Copy, word for word, the lines below from the one containing "Djent Esports Full" up to and including the one containing "Dessert And Tea: Stock Photos", with pictures left out.

- EXTRACTED DATA:
——————

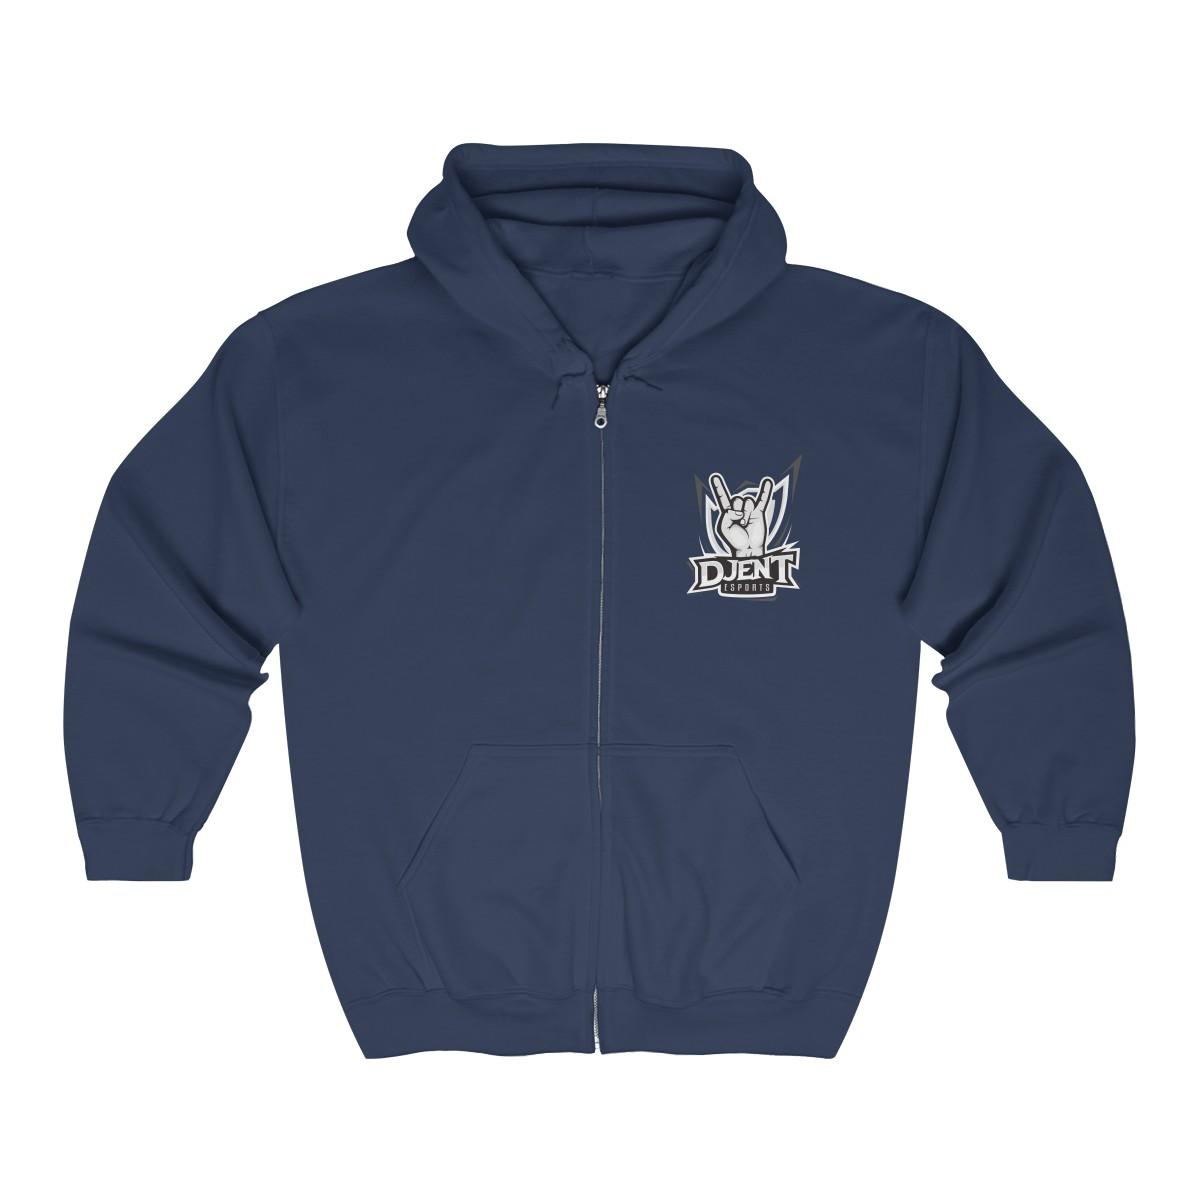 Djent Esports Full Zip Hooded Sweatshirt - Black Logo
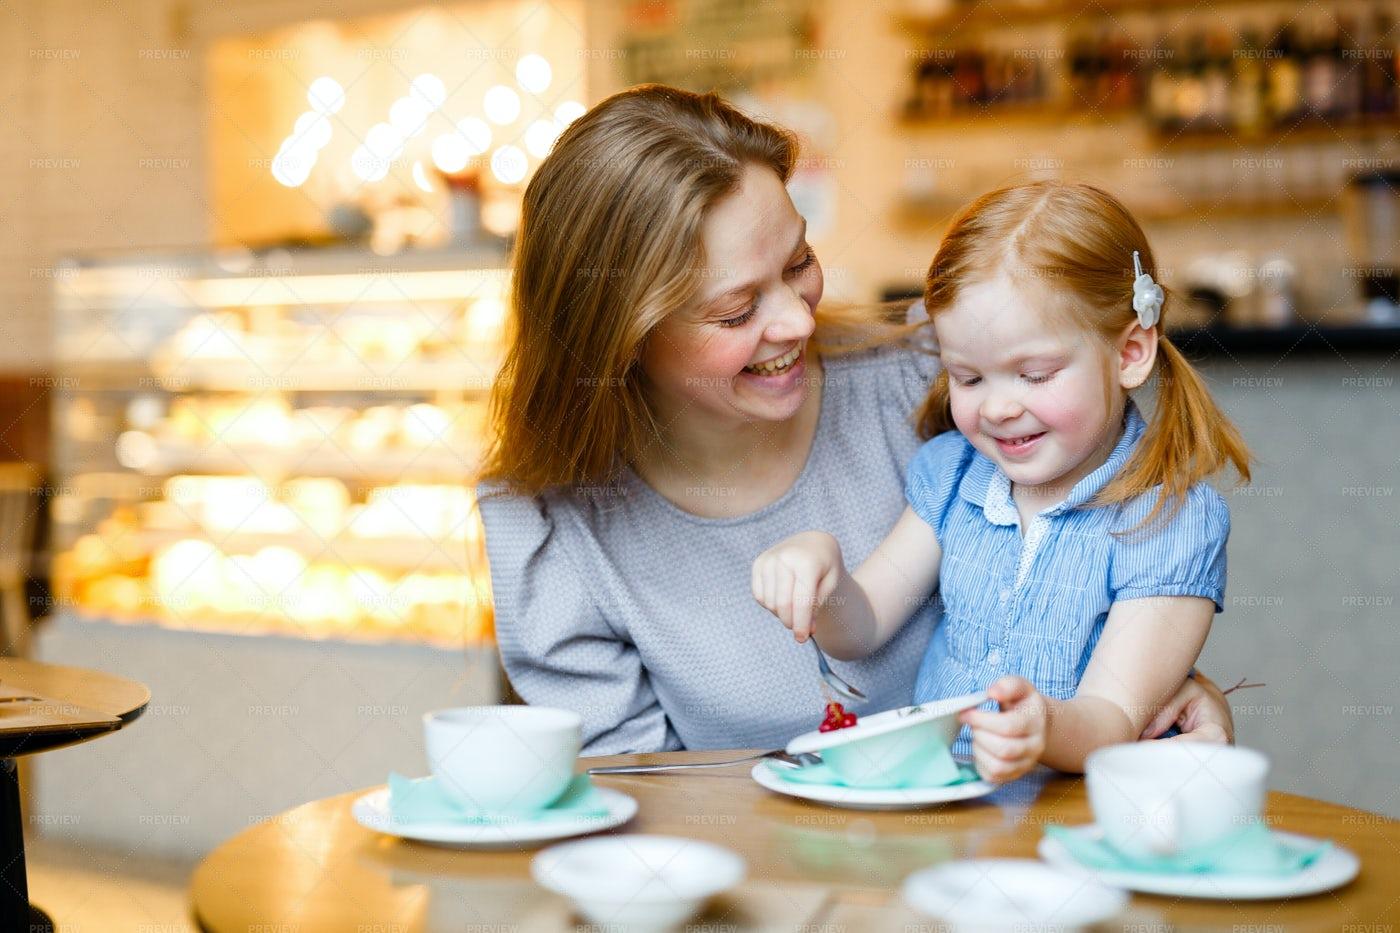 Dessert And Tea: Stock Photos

——————

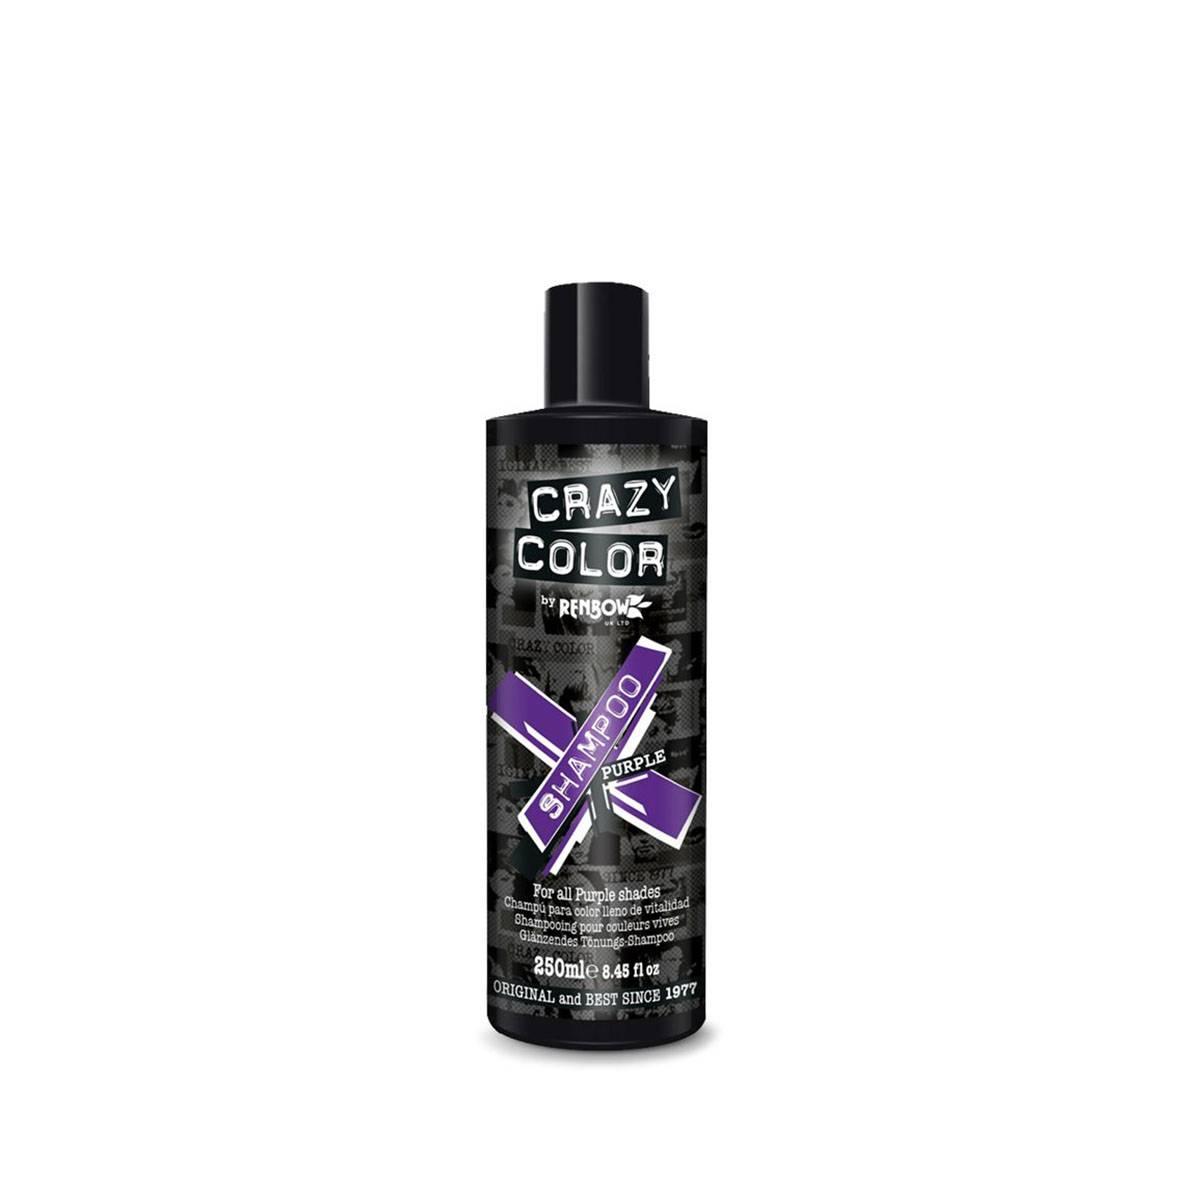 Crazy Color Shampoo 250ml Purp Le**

——————

- EXERCISE RESPONSE:
 Djent Esports Full Zip Hooded Sweatshirt - Black Logo
 Dessert And Tea: Stock Photos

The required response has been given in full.